I think that covers everything I wanted to say for now. Future blog posts will focus more on goals and my progress toward those goals. I can see that my blog numbers have generally gone up since the stroke, possibly because having a stroke makes you a Suddenly Interesting Person. I certainly don't mean to be cynical about the attention and kind support I've received from friends, coworkers, and family. To those people, I am nothing but grateful, but one has to wonder. Those of you who think analytically will doubtless have tracked the length and complexity of my recent blog posts as a way to gauge my mental state; as I'm sure you realize, my marbles are all in place, but physically, I've got work to do. I've been blogging, texting, and writing emails in English, French, and Korean this entire time, so I'm pretty sure my brain's language centers were unhurt by the stroke.

Anyway, that's all for the moment. More later. Thanks, as always, for reading.

## Saturday, May 22, 2021

### placeholder

I've got a lot to say, and I'll say it later today. Stay tuned.

## Friday, May 21, 2021

### back home

With many thanks to my boss, who acted as my guardian, I'm now back home. And after a week of not being able to get any proper sleep, I'm now too tired to write The Ultimate Blog about my recent and ongoing adventure. So that might have to wait until tomorrow. Sorry.

### out of here soon

In theory, at least, I ought to be out of here in the next few hours. There are a few practical issues that need resolving, such as the question of my prescriptions and the matter of pay/insurance. But one way or another, I should be outta here, lesson well and truly learned.

I think this will be my final post from the hospital. I'll eat breakfast, get my before-you-go sermons from whichever docs come to see me, figure out prescription and payment details, then follow my guardian out to the parking lot so he can drive me back to my place and allow me to have a weekend.

Things will obviously be changing from now on, but I'll be writing about all that later. Right now, I'm simply savoring the prospect of leaving this weird little self-contained universe and getting my life back.

## Thursday, May 20, 2021

### physical therapy

I just did my physical-therapy session. It was hard, as well as a learning experience. I was acquainted with many different exercises, and I received a lot of practical advice. So let's run through what I learned.

I went through two sessions, the first more demanding than the second. In the first session, I was seated at a table and given a bar to hold horizontally in both hands. I then had to do something like a pushup motion, but forward in front of me instead of facing downward and pushing against the earth. This was hell on my shoulders, and though the therapist asked me to do thirty sets of ten "pushups," I managed only fifteen.  (In my defense, the bar was heavy!) Next, I had to do eighty sets of ten-second squeeze-and-holds with a spring-loaded grip-strength device in each hand. I had to do this within five minutes, but I didn't manage more than 60 sets. All of this was hell, though I admit it beat lying in bed.

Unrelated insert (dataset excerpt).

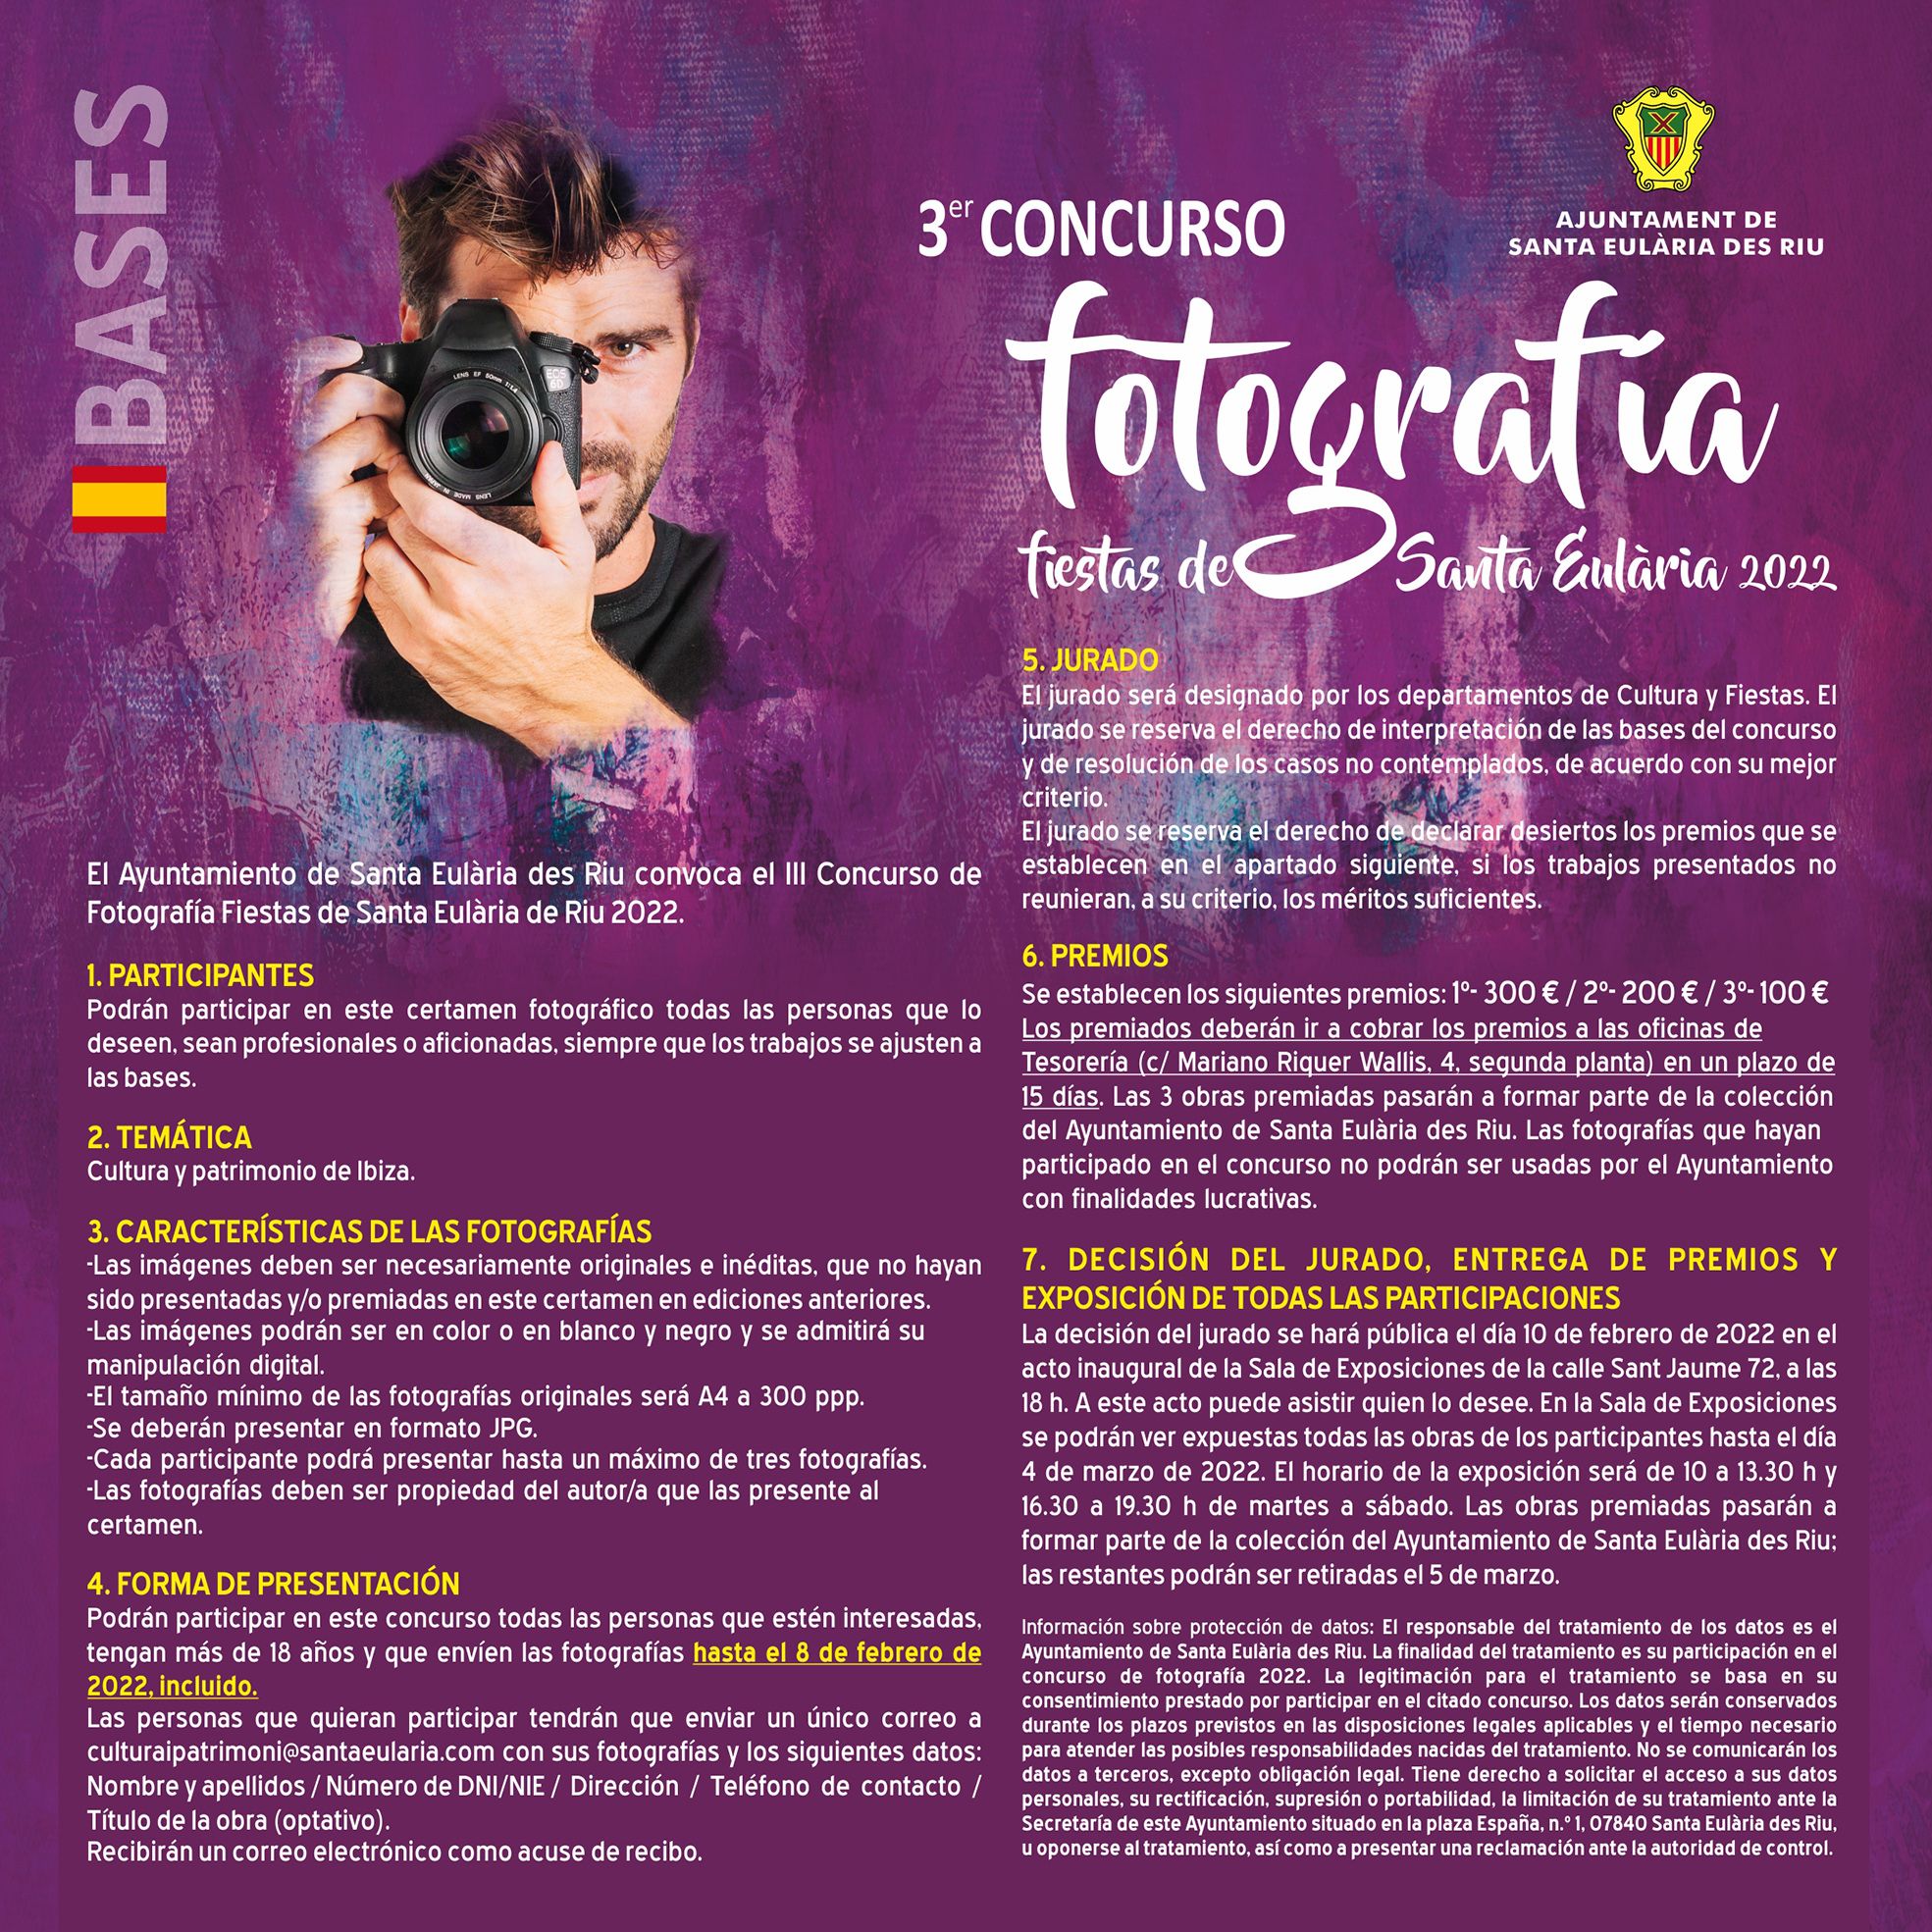 Exposición del Concurso de Fotografía Fiestas de Santa Eulària 2022

The second session took place in a gym-like room. My therapist for this session was a friendly twenty-something guy who proved quite helpful. We did some exercises involving sitting down and standing up; we did some stair work with a step stool, and we finished with a 26-minute session on an elliptical. I've always liked ellipticals and rowing machines; I think they're far more entertaining than your typical treadmill. Overall, this was a much more pleasant session.

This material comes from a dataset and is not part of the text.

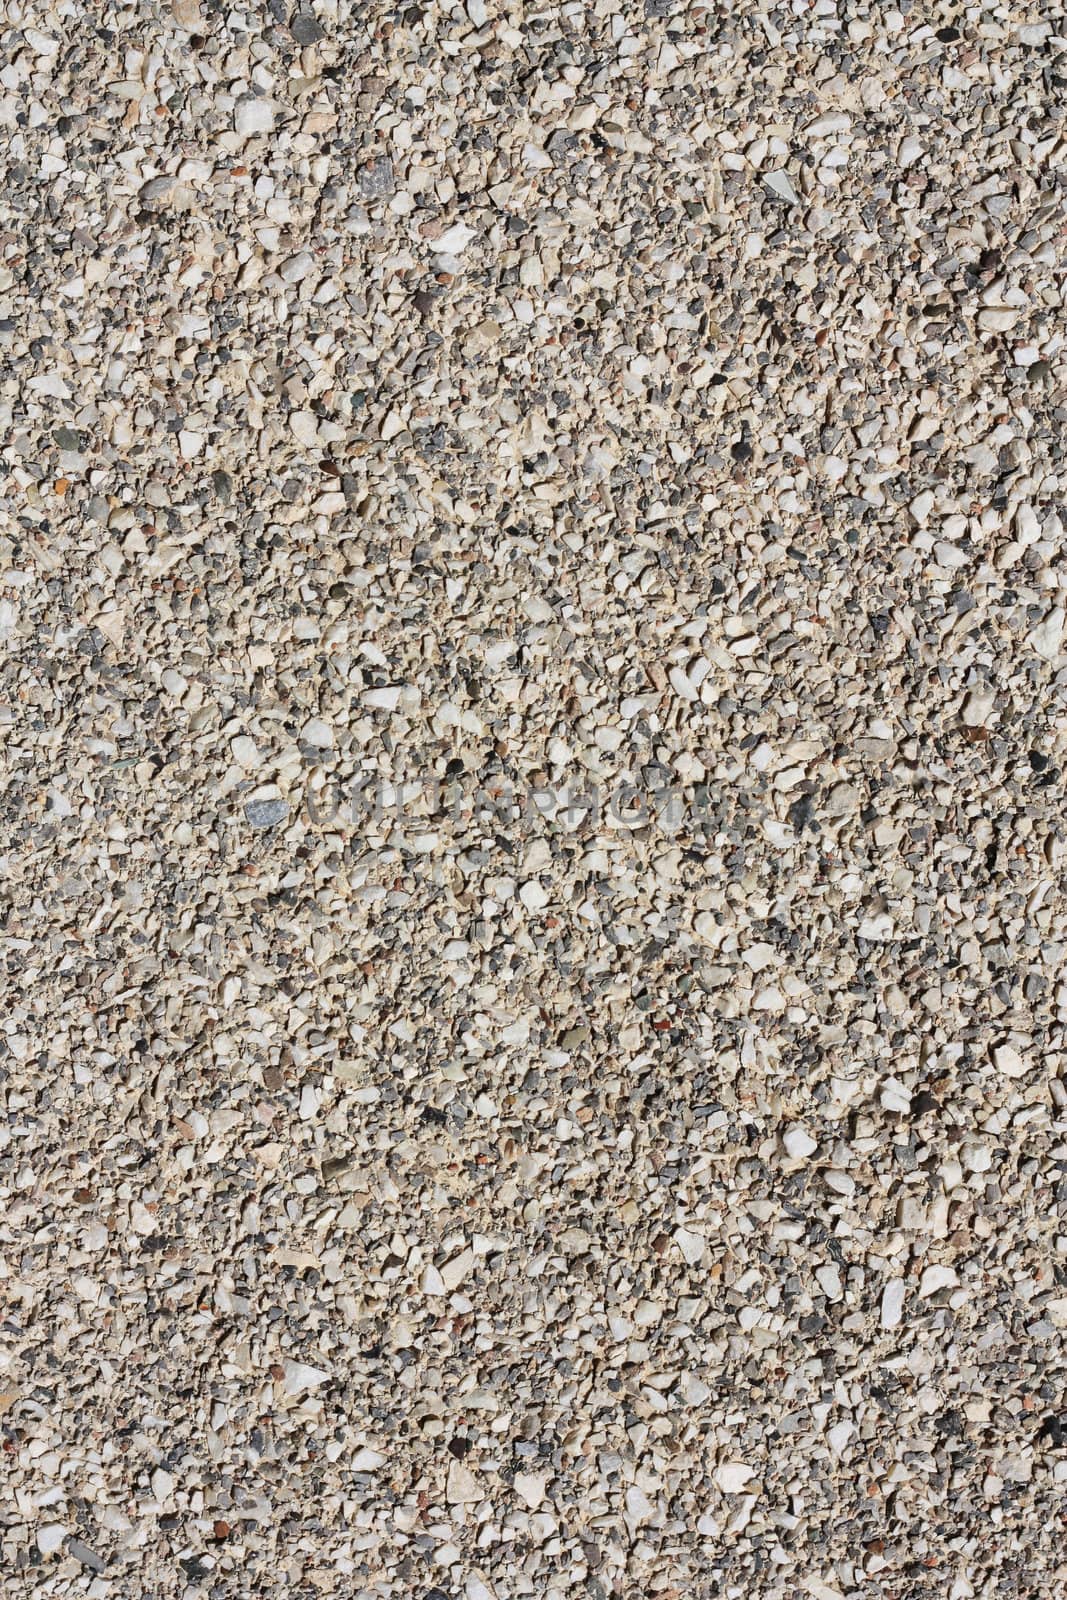 pebbles texture by schankz

So I now have a small repertoire of exercises I can perform at home or in a nearby park where we have gym equipment. The bar exercise can be converted to pushups; the grip-strength exercise can be converted to any number of other grip-strength exercises. Stair work is just stair work, so I'll already be doing that daily. The stand-up/sit-down exercise is something I can do at home, and it's probably the only exercise for which I can't think of an analogue. As for the elliptical, well, we have a bad elliptical in our park, but it'll do. A good elliptical usually has a fly wheel; the one in our park doesn't. But the park elliptical will allow me to perform the necessary motions, and that's what counts.

Overall, I'm glad I went through this physical-therapy session. I now have exercises that I can do over the next few months in the hope that this will help my brain heal and allow me to regain some function. In the meantime, I'm focused on getting the hell out of here. Tomorrow is my final day.

### as I suspected

Today's lunch was bibimbap, so as an experiment, and because this was my final lunch here, I ate the rice to see what would happen to my blood sugar. Sure enough, it spiked. 186. Remember I'm down to 130 otherwise.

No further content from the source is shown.